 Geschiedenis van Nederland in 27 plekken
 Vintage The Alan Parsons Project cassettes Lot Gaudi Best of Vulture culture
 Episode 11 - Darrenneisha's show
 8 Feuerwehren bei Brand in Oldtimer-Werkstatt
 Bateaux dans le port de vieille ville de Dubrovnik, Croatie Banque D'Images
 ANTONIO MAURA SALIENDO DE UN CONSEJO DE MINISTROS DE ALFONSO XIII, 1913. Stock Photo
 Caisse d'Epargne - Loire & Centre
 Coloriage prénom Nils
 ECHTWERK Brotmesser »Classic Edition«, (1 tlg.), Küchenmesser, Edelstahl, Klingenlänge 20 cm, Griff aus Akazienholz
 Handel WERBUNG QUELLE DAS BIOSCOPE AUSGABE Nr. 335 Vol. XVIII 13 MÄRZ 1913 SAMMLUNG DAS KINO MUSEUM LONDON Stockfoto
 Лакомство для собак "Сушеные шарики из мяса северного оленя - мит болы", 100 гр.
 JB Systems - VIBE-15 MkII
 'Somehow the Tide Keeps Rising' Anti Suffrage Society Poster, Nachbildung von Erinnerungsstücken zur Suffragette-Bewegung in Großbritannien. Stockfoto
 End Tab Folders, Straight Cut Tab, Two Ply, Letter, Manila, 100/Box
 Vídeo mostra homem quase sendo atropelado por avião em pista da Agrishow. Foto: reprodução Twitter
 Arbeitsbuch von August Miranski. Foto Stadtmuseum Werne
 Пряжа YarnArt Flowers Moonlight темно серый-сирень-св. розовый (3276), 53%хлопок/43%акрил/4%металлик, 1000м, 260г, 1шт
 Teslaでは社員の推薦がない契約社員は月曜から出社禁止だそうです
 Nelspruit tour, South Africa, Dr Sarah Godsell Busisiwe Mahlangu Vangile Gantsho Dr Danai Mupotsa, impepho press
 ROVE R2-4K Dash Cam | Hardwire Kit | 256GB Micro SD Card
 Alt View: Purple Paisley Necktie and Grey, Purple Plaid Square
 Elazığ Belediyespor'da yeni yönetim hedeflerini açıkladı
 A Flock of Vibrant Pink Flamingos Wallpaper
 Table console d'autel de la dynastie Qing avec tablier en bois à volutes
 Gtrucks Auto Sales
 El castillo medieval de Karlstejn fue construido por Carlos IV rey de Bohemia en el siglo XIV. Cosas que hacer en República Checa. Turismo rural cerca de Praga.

Your task:
Please find how many lines in the records hold "Stockfoto", then give that number with nothing else.

Output of the task:
2